Section 211 of S.294 allows for railroad that own infrastructure on which Amtrak operates, or any entity operating as a rail carrier that has negotiated a contingent agreement, to lease necessary rights-of-way from a rail carrier or rail carriers that own the infrastructure on which Amtrak operates such routes, to petition the FRA to be considered as a passenger rail service provider over that route in lieu of Amtrak. We are opposed to Section 211. Amtrak was originally created in 1971 after the railroads that own the infrastructure sought to discontinue intercity passenger service due to the operating losses they generated throughout the 1960s. These hugely profitable freight railroads should not now receive a windfall by operating federally-subsidized passenger service. Further, regarding leased trackage rights over these railroads, no other entities in the U.S. currently operate intercity passenger service. It has been repeatedly proven that privatized intercity passenger rail service has failed to generate profits everywhere it has been attempted.

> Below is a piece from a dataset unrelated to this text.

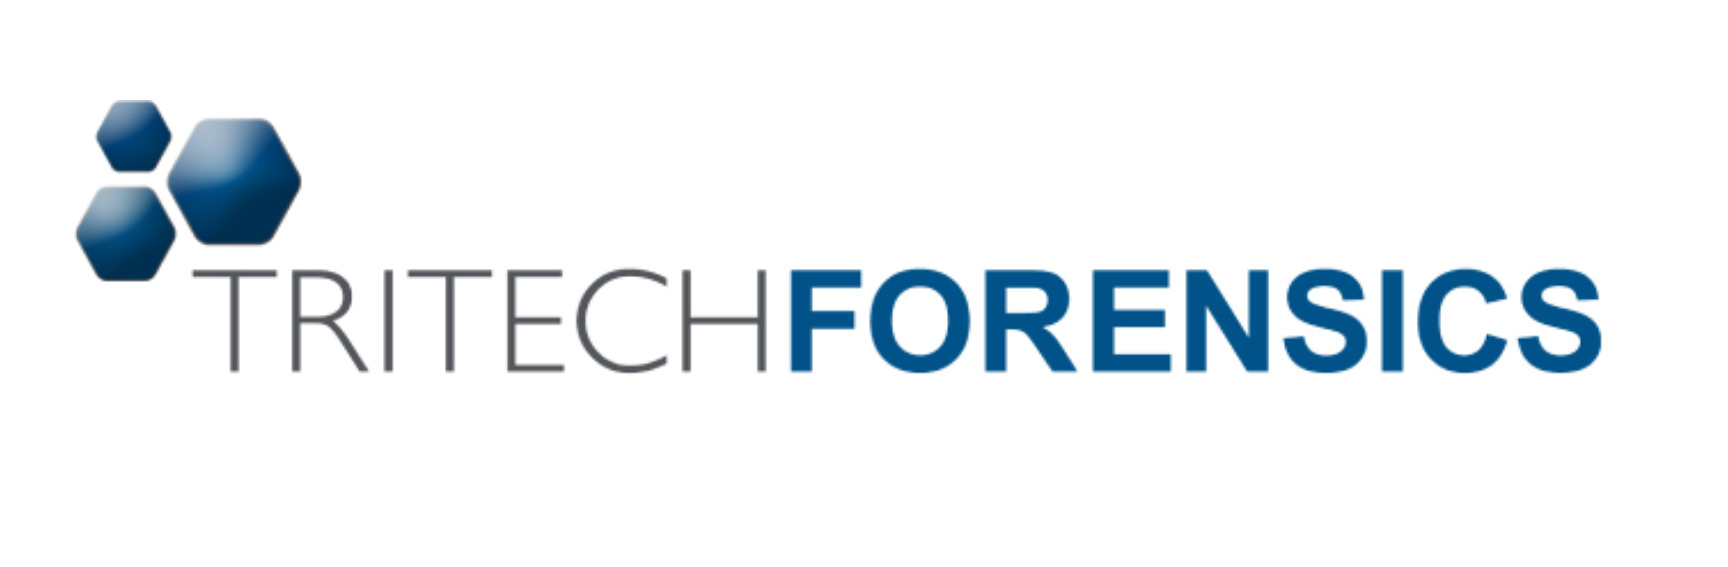 Tri-Tech Forensics Logo

The Problems with S. 1889, the Railroad Safety Enhancement Act of 2007

  1. 1889 was placed on the Senate Legislative Calendar on March 3. The bill includes a cap of 276 hours of combined service time and limbo time per calendar month. The bill further mandates time off duty at the home terminal: (1) of at least 48 consecutive hours after six consecutive work days, (2) of at least 72 consecutive hours after seven consecutive work days, or (3) a collectively-bargained alternative approved by the FRA.

Regarding time off duty, the Senate bill closely parallels the House version (H.R. 2095 passed in the House in October 2007) by requiring a minimum of 10 hours’ undisturbed rest under all circumstances. Extra rest equivalent to the duration of limbo time could be taken at the option of the individual employee. Railroad and unions will also be able to negotiate Hours of Service. There is no legitimate reason to apply limbo time toward an Hours of Service cap because limbo time is neither time off duty nor time on duty. It cannot justifiably be time on duty for some purposes, but not for others.

  1. 1889 also does little to stop all but the most egregious limbo time abuse by the industry because it provides a three-hour daily limbo time allowance with no cap. Any further relief would have to come from the FRA, which would be granted limited regulatory authority over Hours of Service.
  1. 2095 would impose a limbo time cap of 40 hours per month during the first year after enactment, 30 hours per month during the second year, and 10 hours per month thereafter.

We will let you know right away if S. 1889 goes to the floor for a vote. Although we support the bill, we are hoping that if it is passed, the differences with the limbo time issue can be worked out when the bills are referred to the conference committee.